While it might seem confusing, it’s also a gas price-determining factor that is based on speculation: because commodities traders will only sell their assets if and when its stock market price goes up, they will usually bid for its price to be higher, which then creates a self-fulfilling prophecy that drives the prices of gas prices up.

However, this model creates an economic bubble that only benefits commodities traders. Oil and gas companies get their fair share, but they’re usually at the mercy of traders. Meanwhile, the average consumer is left paying for the difference at the pump, while the traders enjoy millions –sometimes even billions –of dollars in profit. Becoming a commodities trader is a great way to build wealth and retire rich, but it’s also one that requires questionable ethics.
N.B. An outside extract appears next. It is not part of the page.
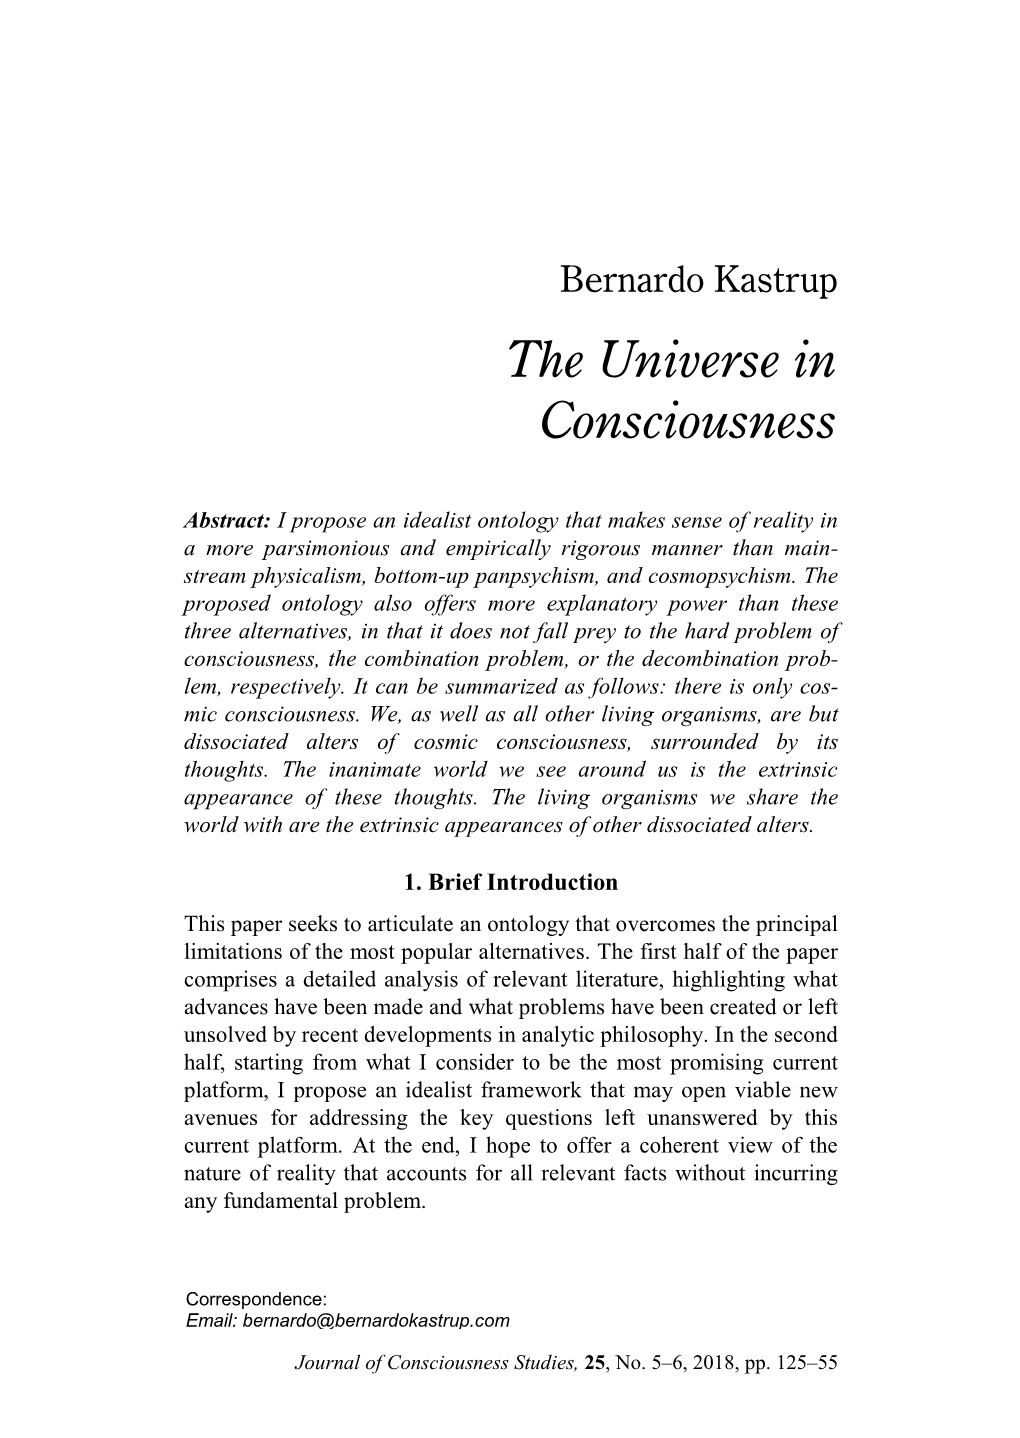 Bernardo Kastrup the Universe in Consciousness

Why the Dollar is Important to Gas Prices

price of gasoline per liter

Finally, one of the most important determining factors of gas prices is the value of the dollar. Because commodities traders usually trade in U.S. dollars, the health of the American currency is directly tied to the profit commodities traders can make, which in turn, determines how much they’re willing to pay oil and gas companies.

In general, the healthier the dollar, the more stable gas prices will be. This is because commodities traders have a larger amount of money that they can risk because it’s backed by a robust economy. If the value of the dollar goes down, however, then gas prices will become volatile: some traders might want to play it safe and thus hold on to their assets, while some traders might try to jack up the prices of gas overnight so they can make a profit as quickly as possible before the bubble bursts.
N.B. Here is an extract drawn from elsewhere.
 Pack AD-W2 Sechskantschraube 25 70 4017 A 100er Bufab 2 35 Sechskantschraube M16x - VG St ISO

In 2020, gas prices became volatile because of a number of reasons: first, supply outstripped demand because local lockdowns prevented people from traveling (thus lessening their need for gasoline), second, commodities traders were unsure exactly how to transition their business models into the new normal, and finally, global economies were at a stand-still, which meant that, while the dollar didn’t crash, it also wasn’t exactly healthy.

However, now that the world is normalizing again, what does this mean for gas prices? Well, some speculators believe that the surge in travel will once again raise gas prices, while some people believe that alternative fuels and energy will quickly replace oil and gas in the future. Only time will tell.